Among those who have no pull are those who live in the inner city and sometimes suburb school districts with notoriously bad decades-long Democrat control of the government-run schools.  These schools are run as holding pens for children, for the advantage of government employees who staff them and the labor unions that represent school employees, as indoctrination centers for the mythical wonders of Big Government, and very often for the advantage of cronies who provide excessively expensive services and goods to the school systems.

The child victims too commonly do not graduate from high school.  Those who do often read at the third grade level, cannot write a coherent sentence, and know nothing about history, economics, science, and math.  Wonder of wonders, these city school children commonly have little ability to earn decent incomes as adults.  Very high percentages cannot finds jobs.  Many turn to crime and/or become dependent on drugs and/or welfare programs.  All of these income depressing effects are aided and abetted by the Democrat-controlled governments.

The problems do not end here.  The cities are more likely to have severe licensing laws for professions and jobs, which greatly limit entry into these jobs.  Those who start poor are more likely to be kept from becoming more wealthy by these restrictions.  Cities also produce a plethora of regulations, which hit small businesses especially hard.  This makes it harder for a poor person to succeed by creating his own small business.  Democrat city governments commonly favor labor unions, whose members add to their income by depressing the income of larger numbers of non-union members.  Once again, the Big Government model adds to income inequality, this time by suppressing the income of the poor.

Yes, Democrats might be more concerned that income inequality is common in America because it is more common in their districts.  So, they make more of it.  But, their governmental principles, insofar as they have any, embrace many policies that make income inequality greater.  They increase the income of those favored by the government, who are commonly not those they imply are favored in their speeches aimed at the poor and minorities to gain their votes.  They depress the future and present incomes of the poor and the minorities they claim to champion.  The governments they control are not righting wrongs of the private sector.  They are not righting wrongs of the government sector. 
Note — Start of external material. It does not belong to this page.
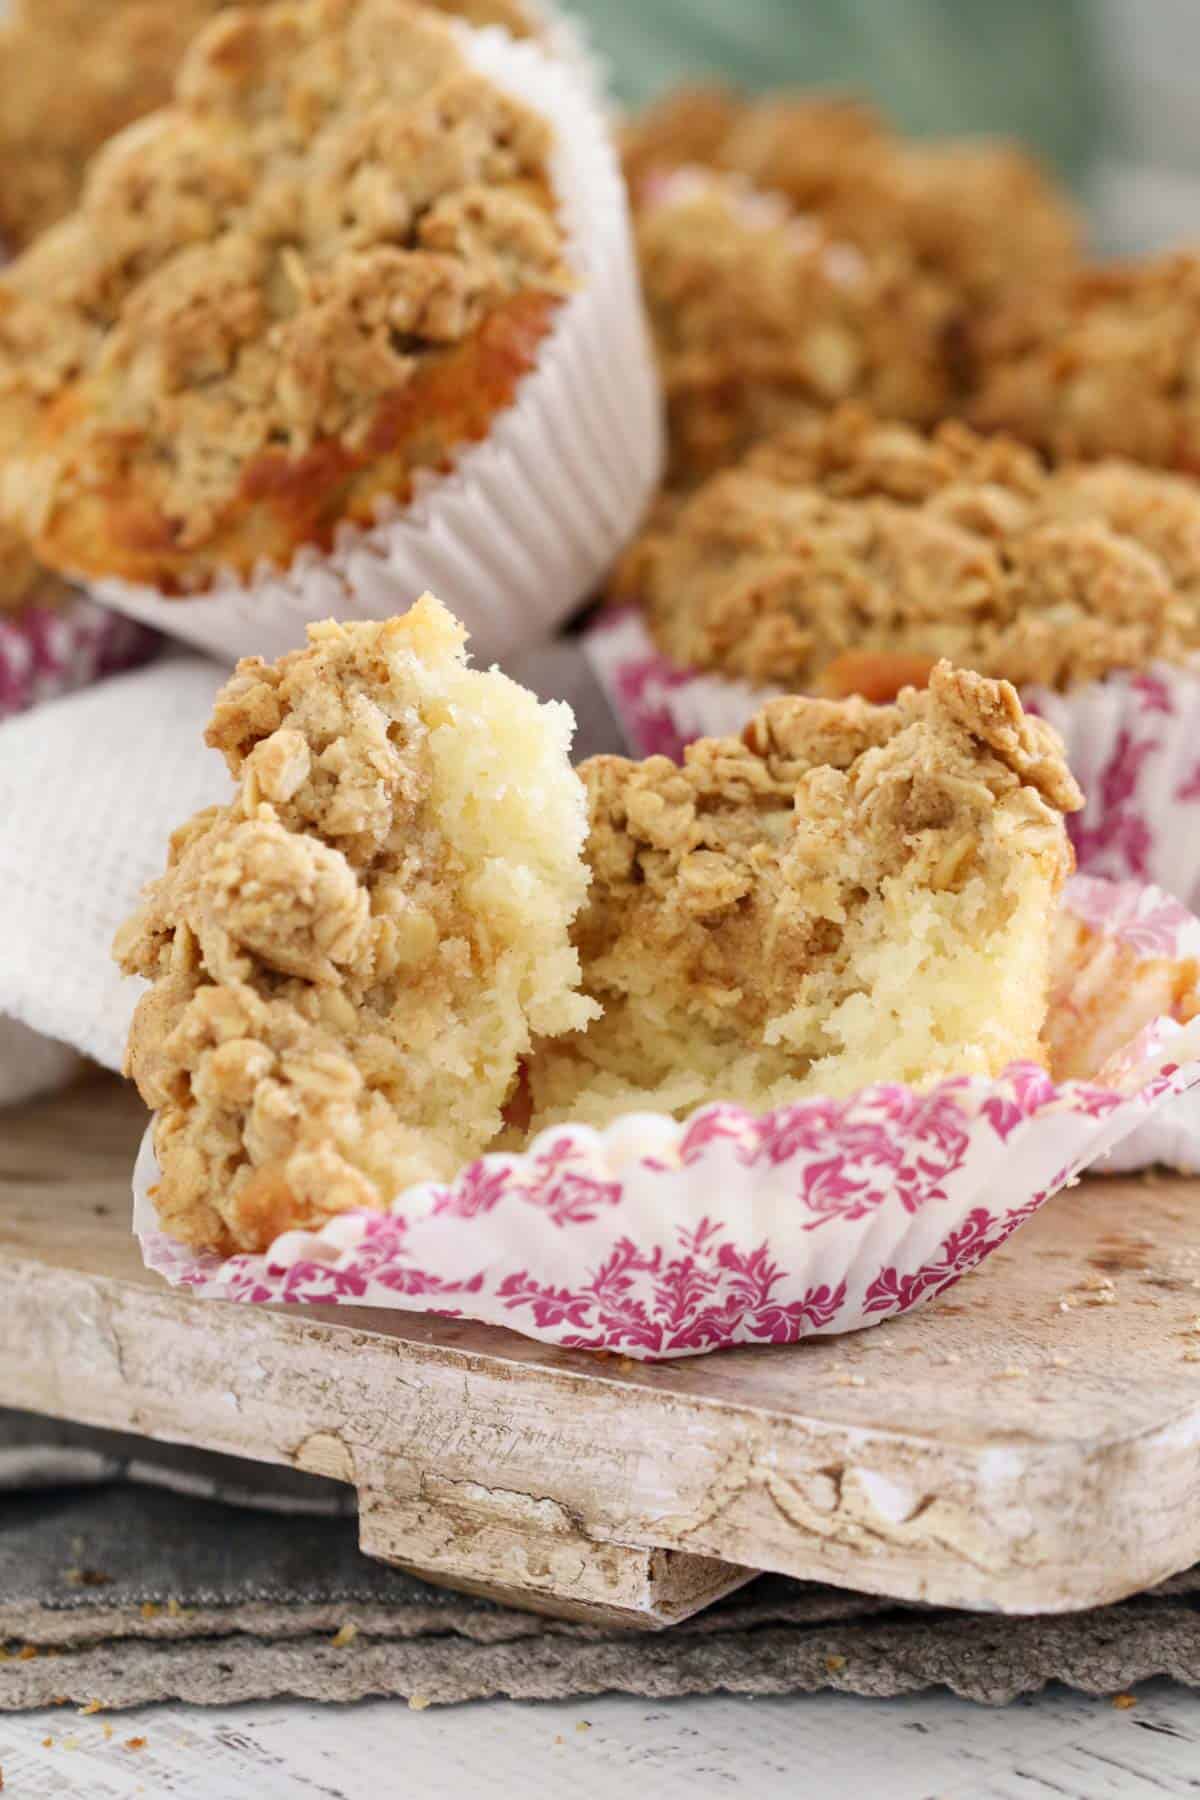 An apple muffin split in half to show the texture inside.

This will not change no matter how often they pose as champions of income equality, because the wrongs their Big Government model does are inevitable by the nature of Big Government's need to sustain itself.  In comparison, competition and individual choice are very effective in limiting any injustices created in the private sector.  In the Big Government model, the government sector is characterized by force and a disrespect for the individual.  That lack of respect for the individual reduces the probability of individuals increasing their wealth all across the spectrum of incomes, but seems to act as a more severe depressant of the incomes of the poor who have no real pull in Big Governments.